International indifference to this pattern of crimes is not merely a moral failure but a grave breach of the legal obligations of states and the international community. It transforms the mass killing of Palestinians from criminal acts into policies carried out openly before the entire world. Silence in the face of these crimes constitutes a clear failure to fulfil the legal duty to prevent genocide and punish its perpetrators, as mandated by the 1948 Convention on the Prevention and Punishment of the Crime of Genocide.

The Israeli killing methodology reflects a clear policy aimed at eliminating Palestinian civilians across the Gaza Strip, spreading panic, depriving them of shelter or stability, forcing repeated displacements, and subjecting them to deadly living conditions. All of this is compounded by ongoing Israeli bombardment across the Strip, including attacks on areas designated as humanitarian zones, and the targeting of shelters, even those located within UNRWA facilities.

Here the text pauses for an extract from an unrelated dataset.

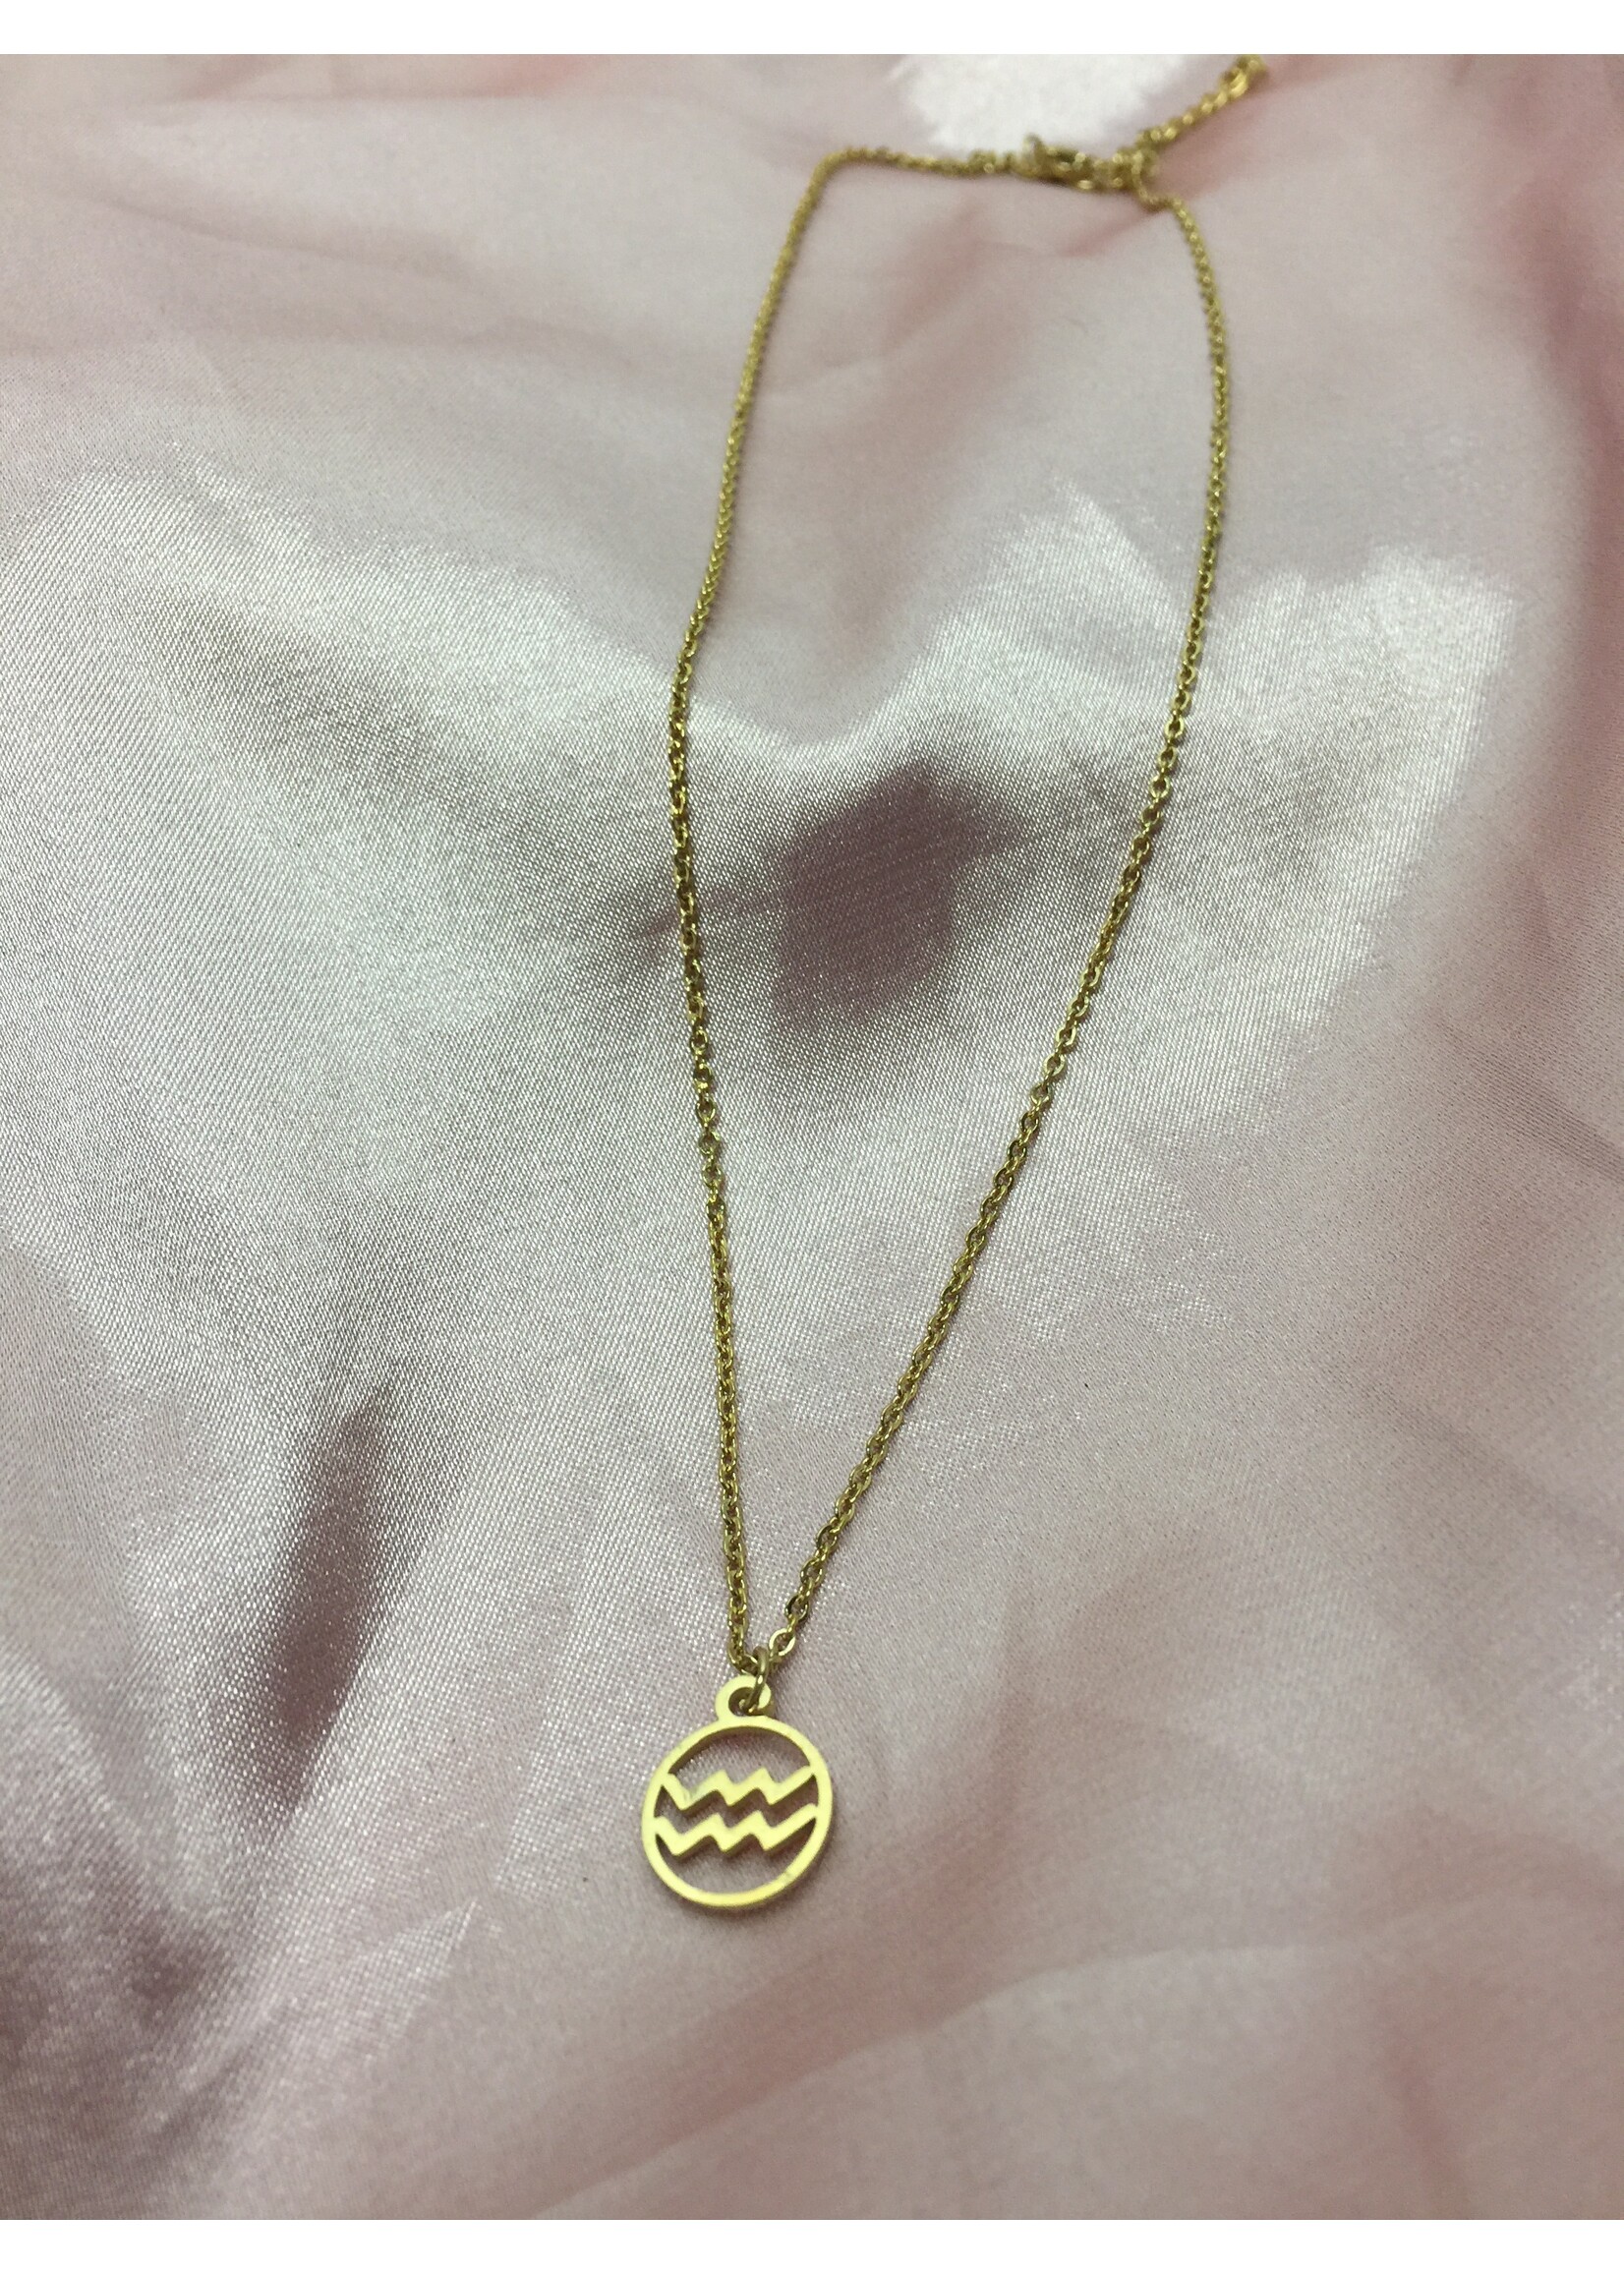 YOU ARE SPECIAL "Little Circle Horoscope" Gold Necklace

All states, individually and collectively, must fulfill their legal responsibilities by taking urgent action to stop the genocide in the Gaza Strip, through implementing effective measures to protect Palestinian civilians, ensuring Israel’s compliance with international law and the decisions of the International Court of Justice; and holding Israel accountable for its crimes against the Palestinians. The International Criminal Court must reissue arrest warrants for the Israeli Prime Minister and Minister of Defence at the earliest opportunity, in accordance with the principle that there is no immunity for international crimes.

The international community must also impose economic, diplomatic, and military sanctions on Israel for its systematic and grave violations of international law. These sanctions should include an arms embargo; an end to all political, financial, and military support; freezing the assets of officials involved in crimes against Palestinians; imposing travel bans; and suspending trade privileges and bilateral agreements that provide Israel with economic benefits that enable its continued crimes.